Mega Man 1-6 were all great games. I think the first 3 were really the best and I beat all of them. The hardest to beat was the first one by far. I played the 2 MegaMan remakes on PSP and both were great.

RE2, when that game came out, it was just a great time for gaming. The game was the first real blockbuster survival horror game and came on two discs. The problem with the game was that it wasn't nearly as hard as the first game or as scary. Too much of the game was outdoors. I remember the Police Station... RE1 was just you trapped in a mansion for the most part. RE2 was big budget but looking back RE1 was the greatest survival horror game ever. Silent Hill 1 was the scariest though. RE2, you never ran out of ammo or needed to avoid zombies strategically. Still a great game, but not on RE1's level, even with the technical limitations. RE1 you felt TRAPPED and claustrophobic, and that atmosphere was never felt again the same way in later games

I just beat RE Code Veronica in 2015 and it is really a super-underrated game. It is also not as scary as the first game but it is still pretty damn scary and also a very difficult game, maybe a TINY BIT easier than RE1. Some of the cutscenes in RE:CV were flat-out embarrassing though haha

Tomb Raider 1 and 3 to me were the best games. I got all secrets in TR 1-4 and Tomb Raider 3 was BY FAR the hardest to get all secrets. Tomb Raider 1 really changed 3-D platformer/adventure games and you felt like LITERALLY Indiana Jones, which the game actually was meant to be Indiana Jones so I think they purposefully made a female lead character, probably to avoid lawsuits or copywrite whatever.

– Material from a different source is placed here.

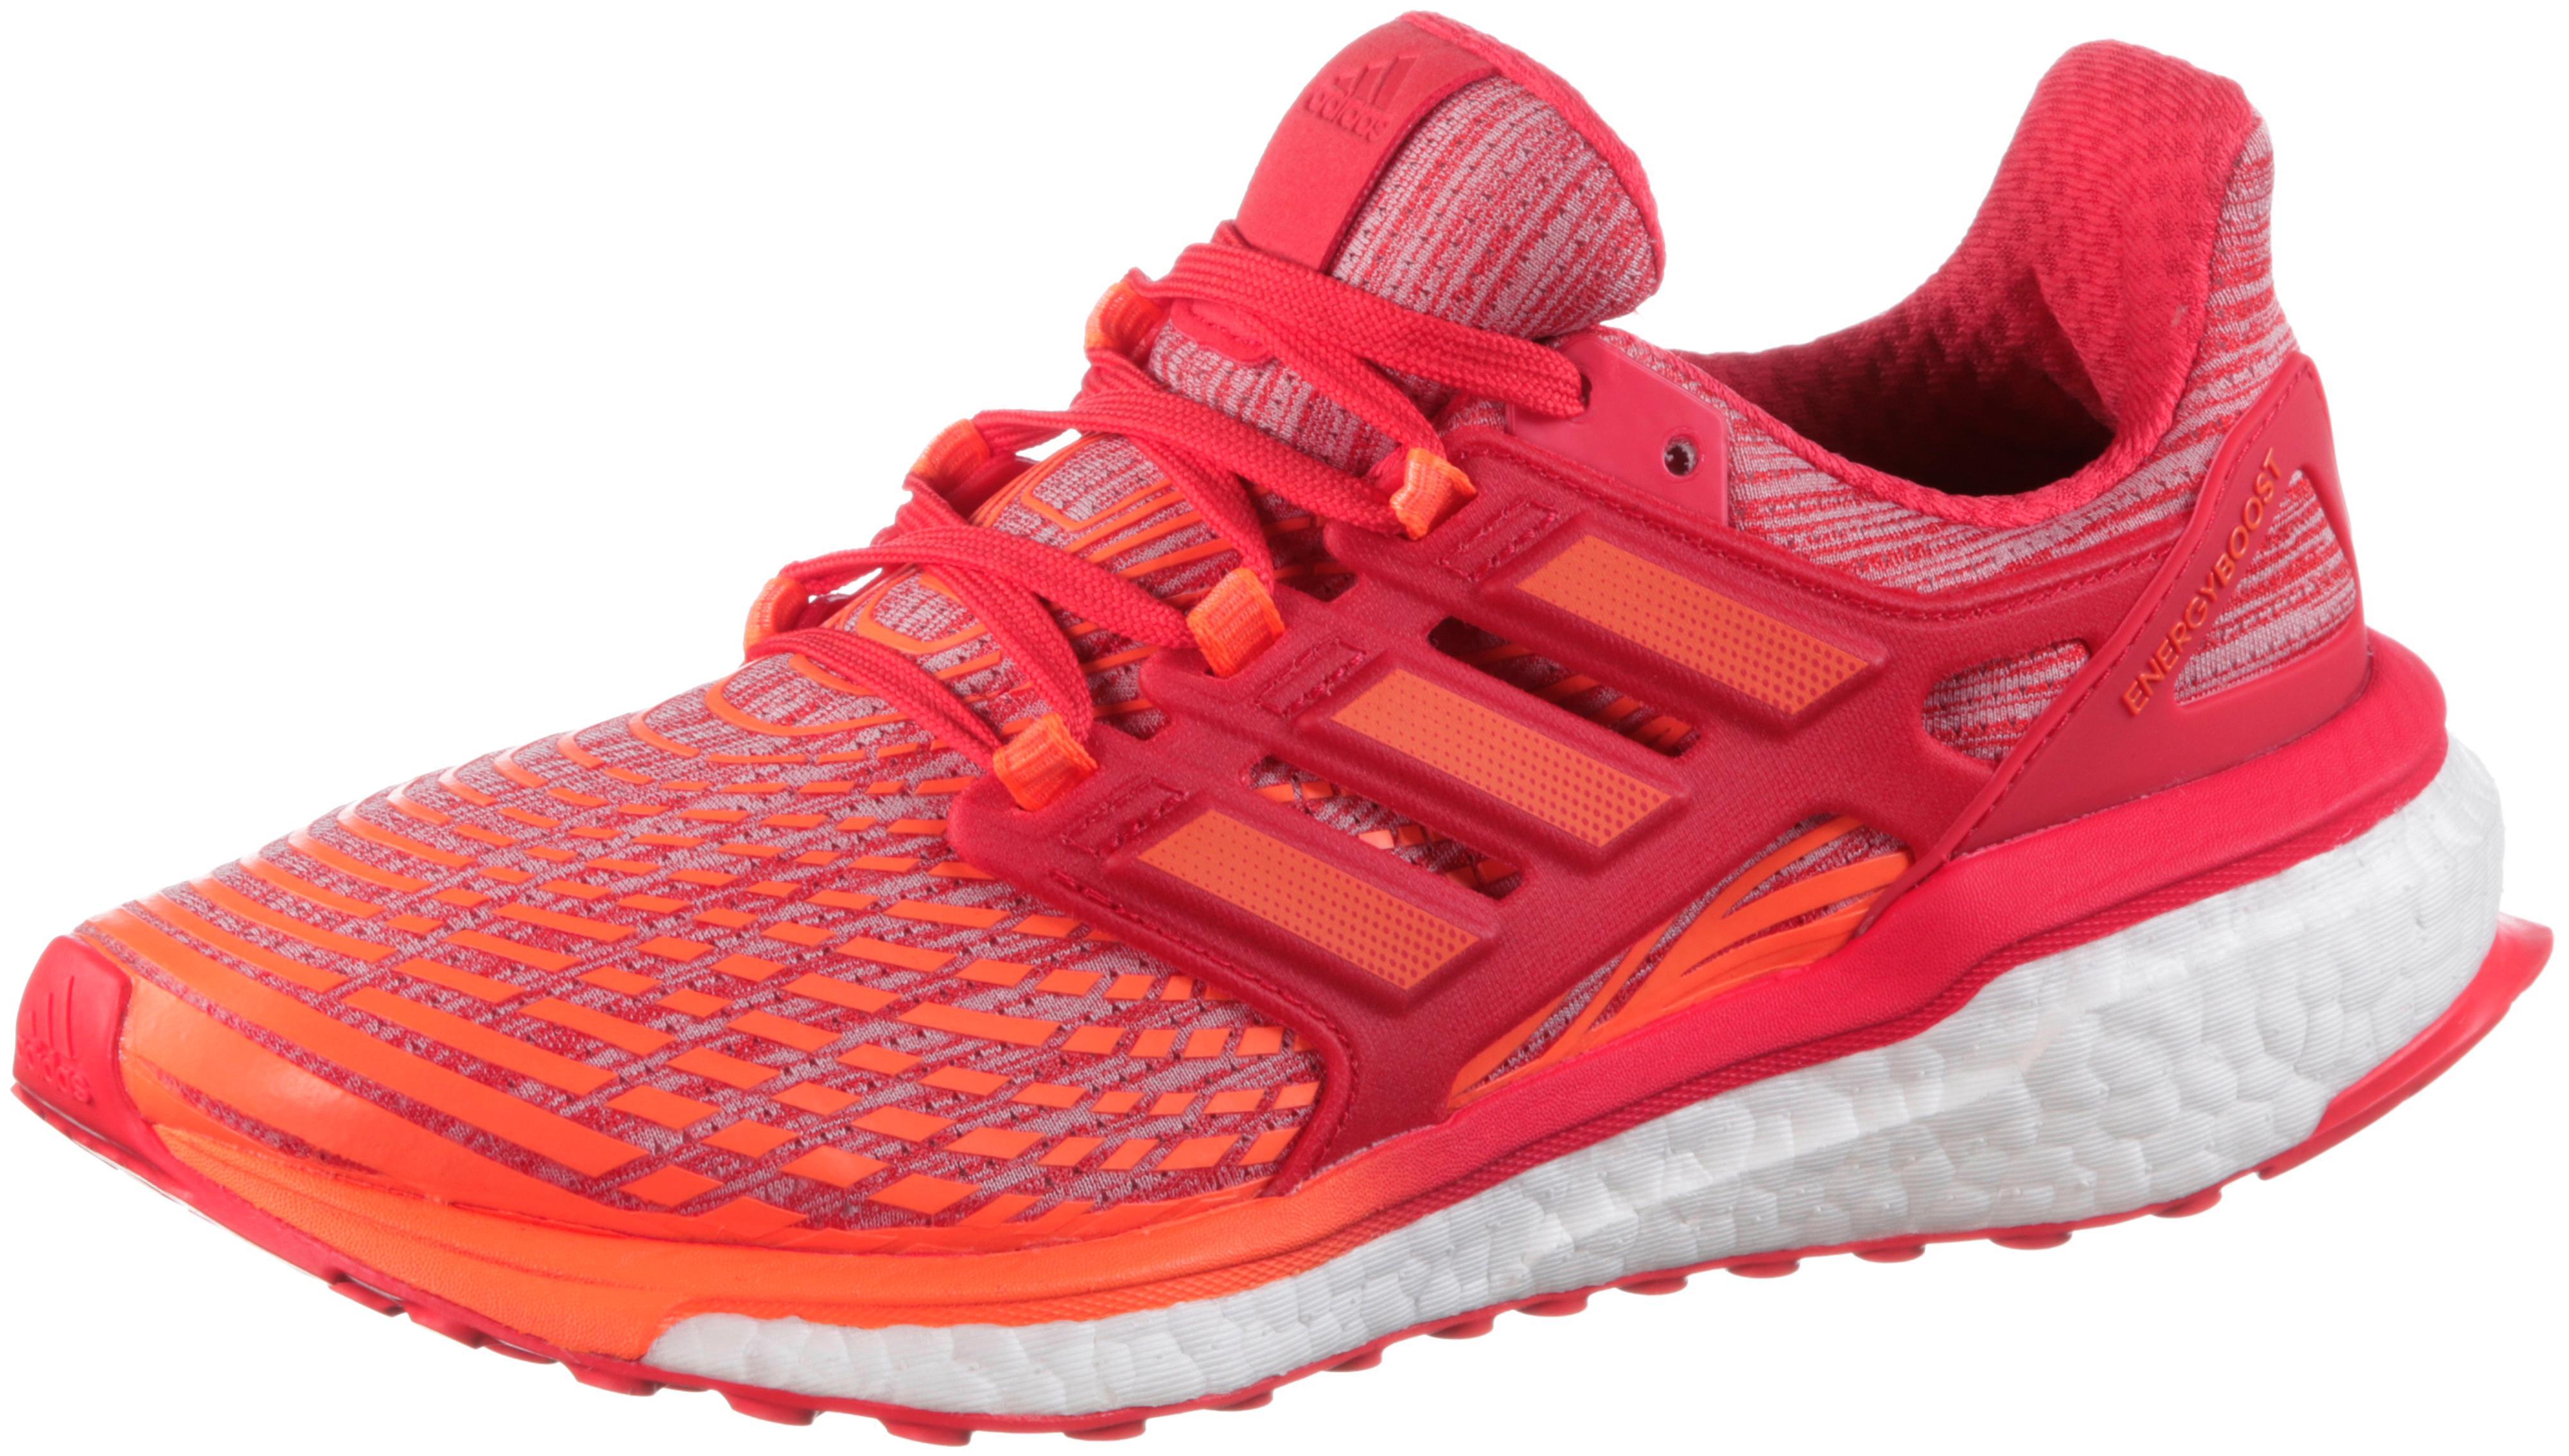 free shipping eaa2c fa291 Adidas Energy Boost Laufschuhe Damen hi-res-orange im Online Shop von  SportScheck kaufen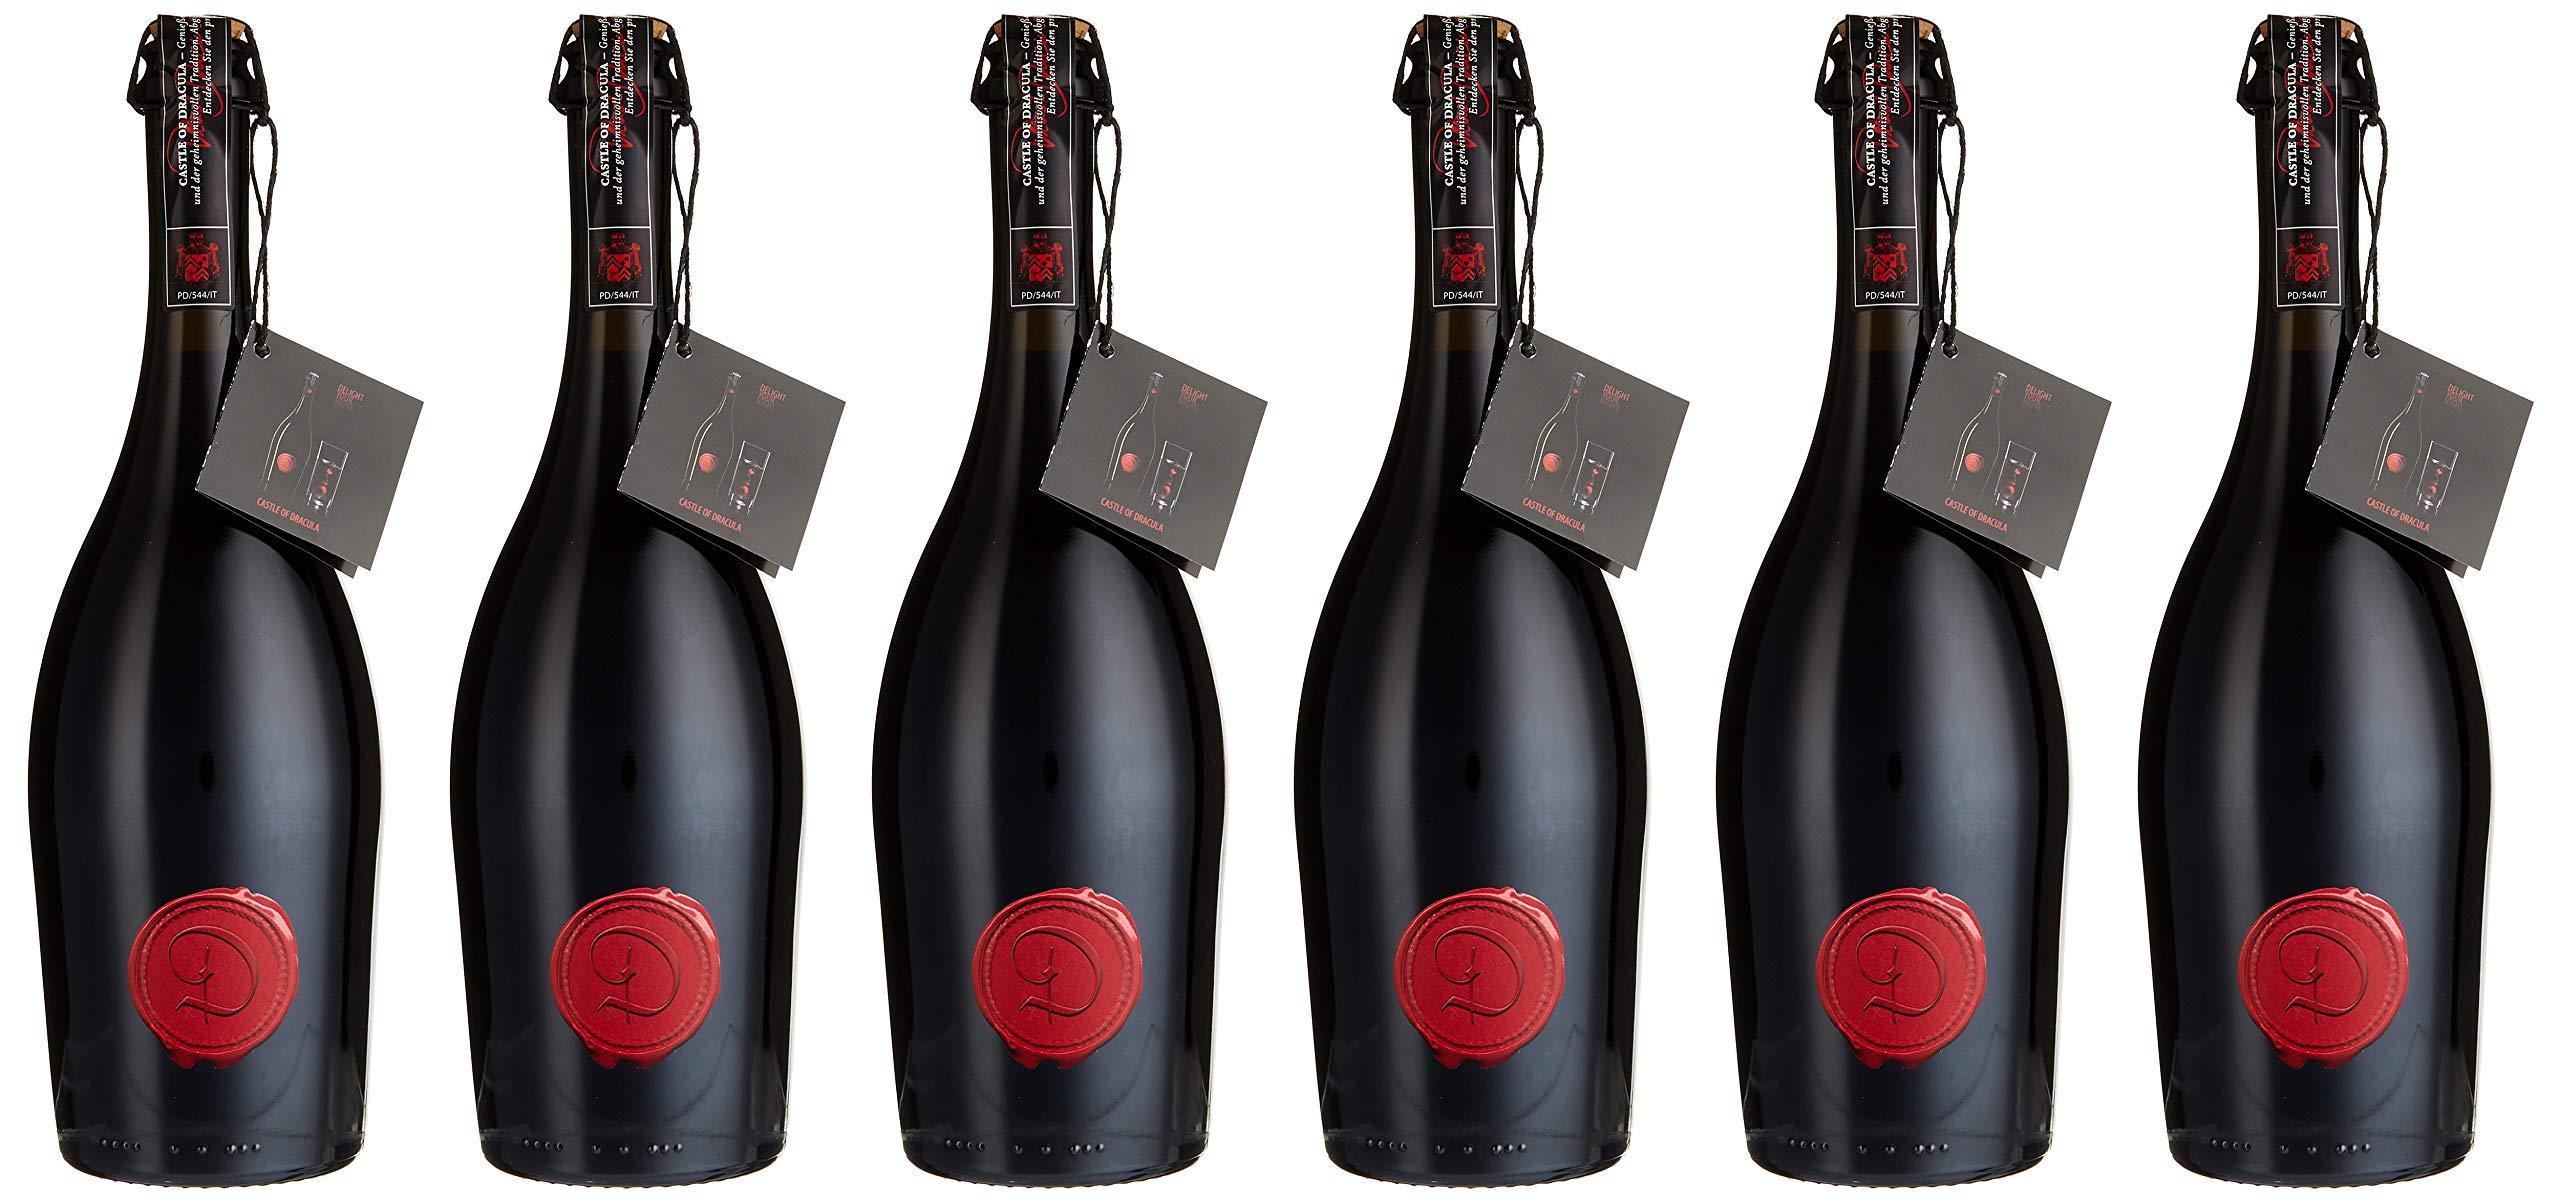 Castle-of-Dracula-Marsecco-Red-delle-Venezie-IGT-Vino-Frizzante-Semisecco-20172018-6er-Pack-6-x-750-ml

Tomb Raider 2 had way too much action and not nearly enough tombs, less sense of desperation and confusion of what to do next than TR 1

I think Tomb Raider 3 was extremely difficult and you had no clue where to go or what to do a lot of times. I think Tomb Raider 3 was VERY UNDERRATED. I personally like it better than Tomb Raider 1 personally, but it is safe to say Tomb Raider 1 was the best TR game


----------



## Disheveled and Lost (May 9, 2015)

Jermster91 said:


> Crash Bandicoot 1-3 PS
> Star War:Shadows of the Empire N64


I know no one will care about my rants, but as far as Crash Bandicoot 1-3...

I finally beat Crash 1 in 2015 and it was a great game. Due to technical limitations, it was pretty linear and jumping was very difficult. Graphics were very basic.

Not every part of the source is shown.